Vicke Viking is a series of children's books by Swedish author Runer Jonsson, first published in 1963. The series, set in the Viking Age, was inspired by the Icelandic sagas and the Swedish novel The Long Ships. They were originally illustrated by Ewert Karlsson. The books have been widely translated, with the German version being particularly successful.

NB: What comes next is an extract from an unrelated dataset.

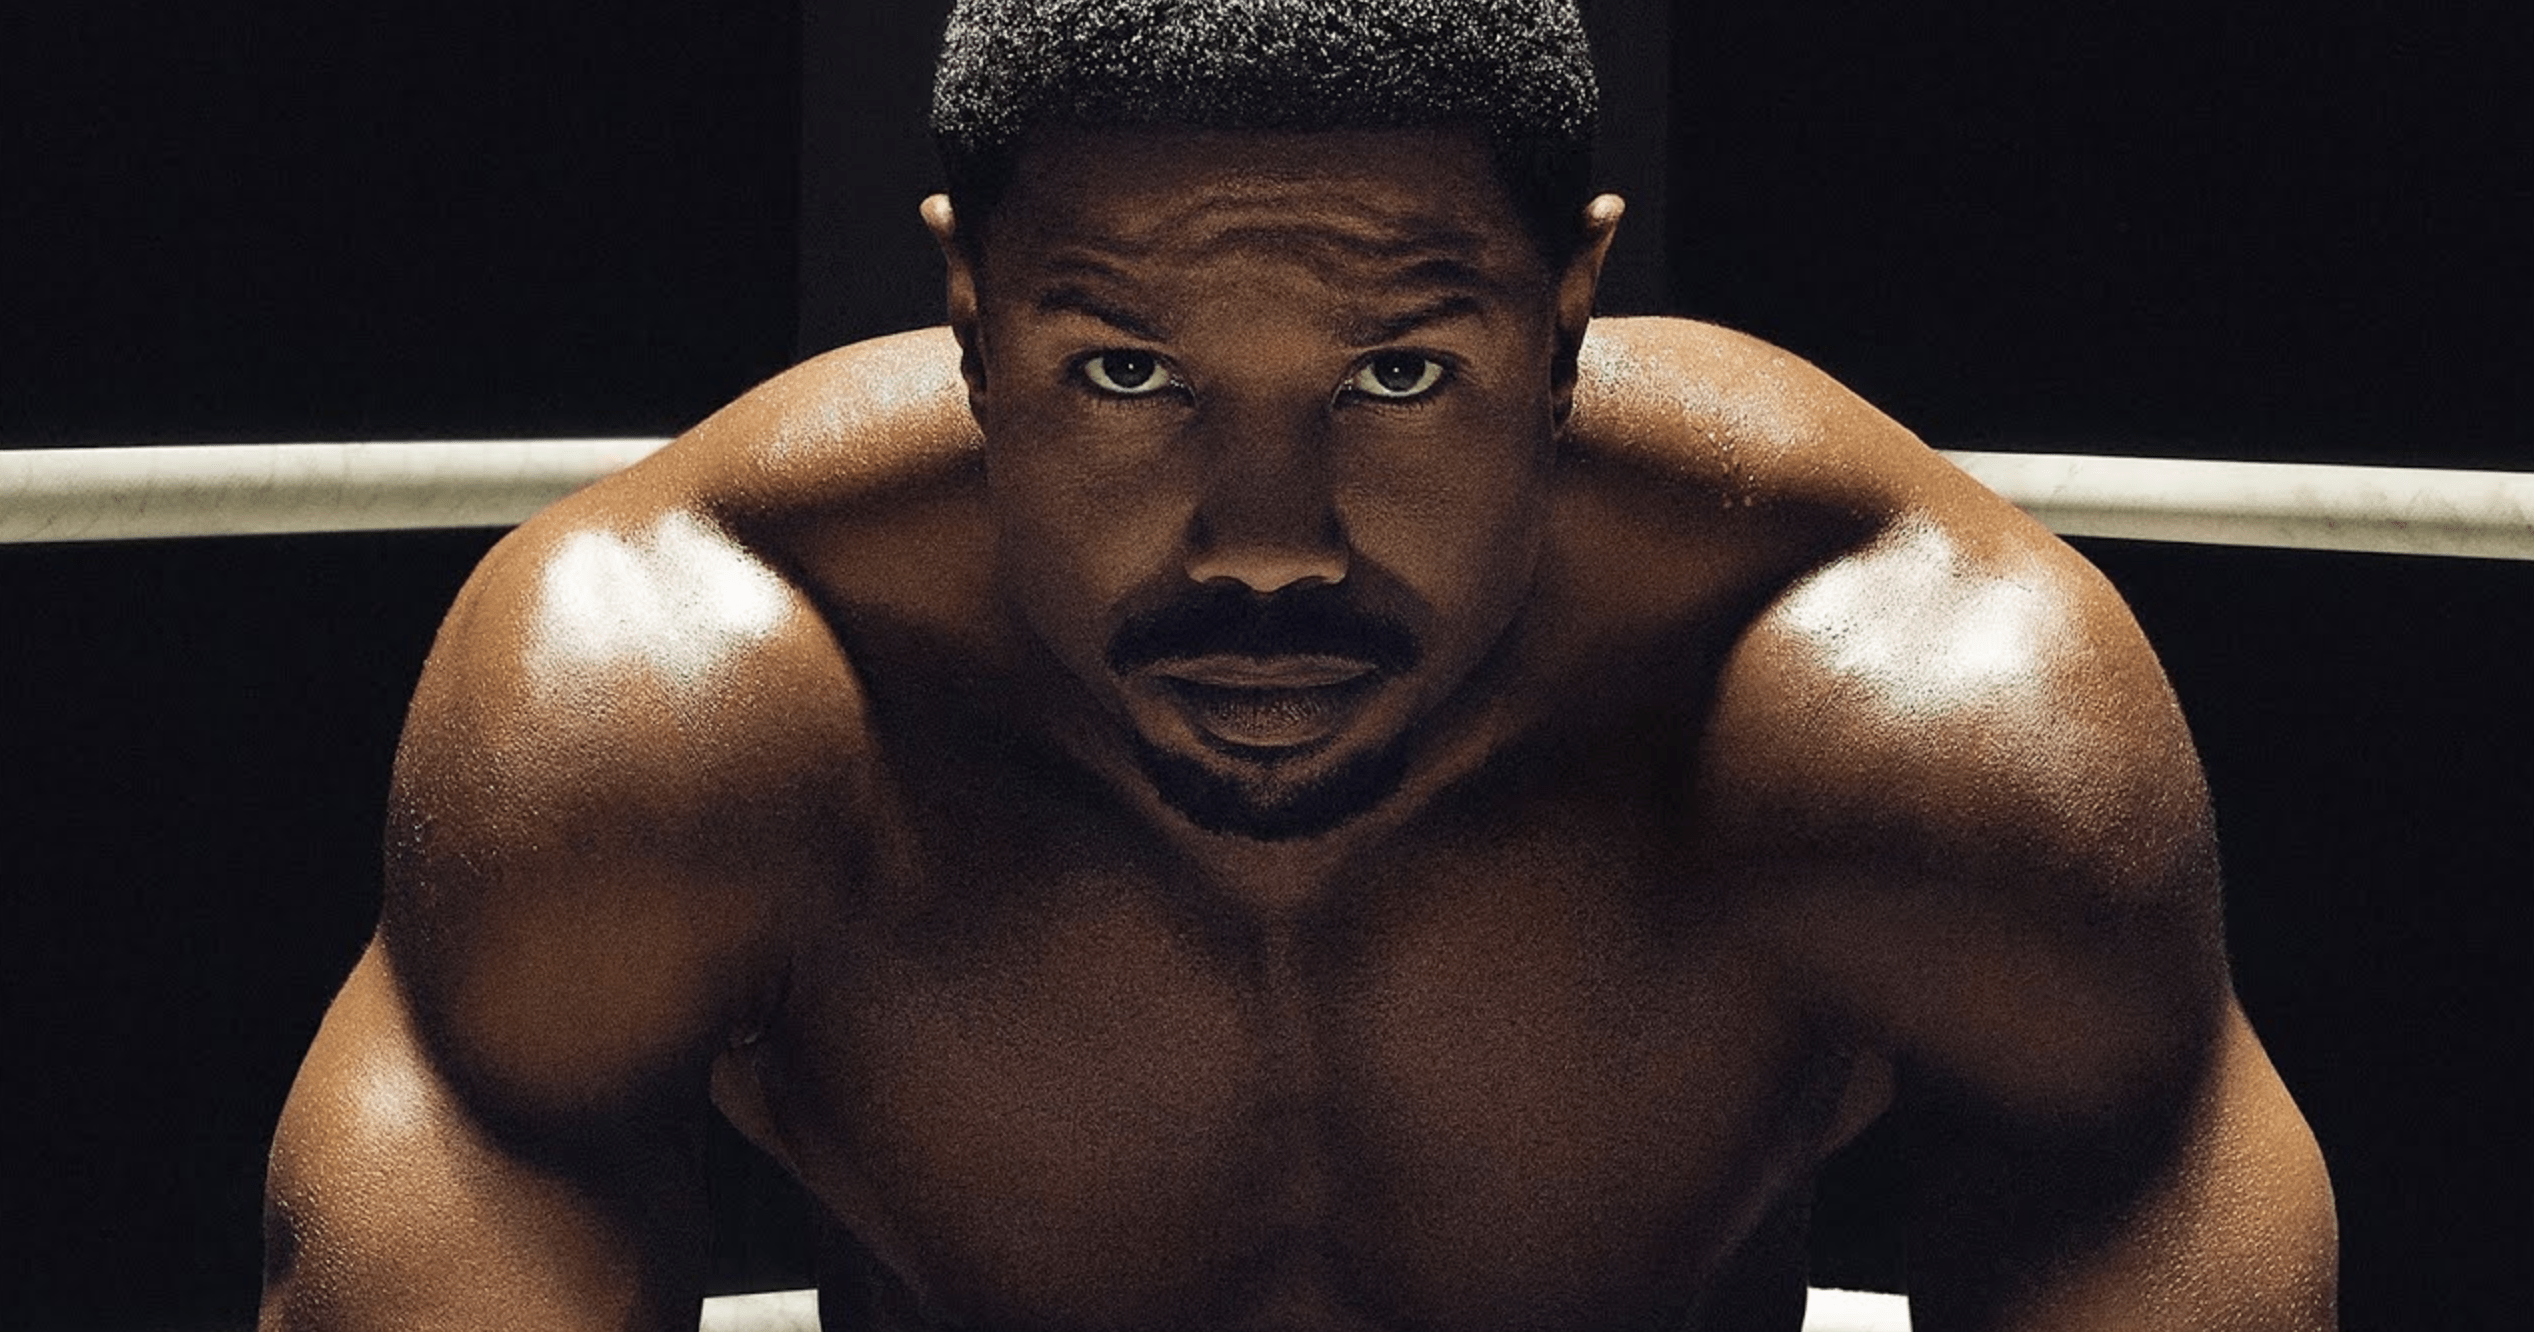 Close up of Michael B. Jordan's face as he sits shirtless in a boxing ring.

Two animated television series and a series of films have been based on the books.

==Plot overview==
The books' main character is Vicke (Vicky in English, Wickie in Dutch and German), son of Halvar, chief of the Viking village of Flake. Unlike his village fellows – including most of the other boys of his age – Vicke is blessed with a sharp and imaginative mind which helps him and his fellow Vikings out of many tight situations.

==Characters==
- Vicke is the series' titular character and a boy of about 10 years of age. He is very timid and has a special fear of wolves, but his brains eventually help him solve any problem he is confronted with.
- Halvar is Vicke's father and chief of Flake. He is a rather boastful character who prefers to solve problems with brawn, but who eventually learns to listen to and value Vicke's ideas.
- Tjure and Snorre are two Vikings in Halvar's crew who constantly quarrel about anything but they really care deeply about each other.
- Urobe is the oldest Viking in Halvar's crew. While he is rather old and not as imaginative as Vicke, he is quite knowledgeable in sagas and legend lore, and he is respected as a fair judge and mediator.
- Faxe is the biggest and strongest, but also the slowest, of Flake's Vikings. He enjoys a close big-brother relationship with Vicke.
- Gorm is a rather over-excited fellow among the Flake Vikings who occupies the position of the lookout on Halvar's ship.
- Ulme is a rather neat person who considers himself a poetic soul and even carries a harp to play on joyous occasions.
- Ylva is Vicke's mother and is far more supportive of her son's intelligence than his father is.
- Ylvie is a young girl in Flake who is Vicke's neighbour and most ardent supporter. In the German film adaptation this adoration is portrayed as a childhood crush.
- Gilby is the strongest boy in Flake and Vicke's prime rival, though intellectually he is clearly Vicke's inferior.
- Sven the Terrible is a vicious Viking pirate who does not hesitate robbing even his fellow Vikings of their hard-earned plunder.
- Pokka is Sven's devious second-in-command.

== Books ==
- Vicke Viking (1963)
- Vicke Viking lurar de rödögda (1965)
- Vicke Viking Hederskung (1966)
- Vicke Viking i Vinland (1967)
- Vicke Viking hos burduserna (1969)
- Vicke Viking störtar tyrannerna (1975)
- Vicke tar över (1994)

==Other media==
- A Japanese animated adaptation titled Vicky the Viking enjoyed tremendous success in Europe. A video game, Vicky the Viking: The Big Trial, was based on the cartoon. A ride at the Plopsa Coo Studio 100 theme park in Liège reflects the show's popularity in Belgium.
- Another animated series based on the story is Vic the Viking by Studio 100 Animation, which was released in 2013.
- A German live-action film adaptation of the stories by Michael Herbig, titled Vicky the Viking, was released in summer 2009. A sequel to that adaptation was released in 2011 as Vicky and the Treasure of the Gods.
- A CGI-animated film adaptation by Studio 100 Animation and Studio 100 Film, titled Vic the Viking: The Movie (also known as Vic the Viking and the Magic Sword), was released in 2019.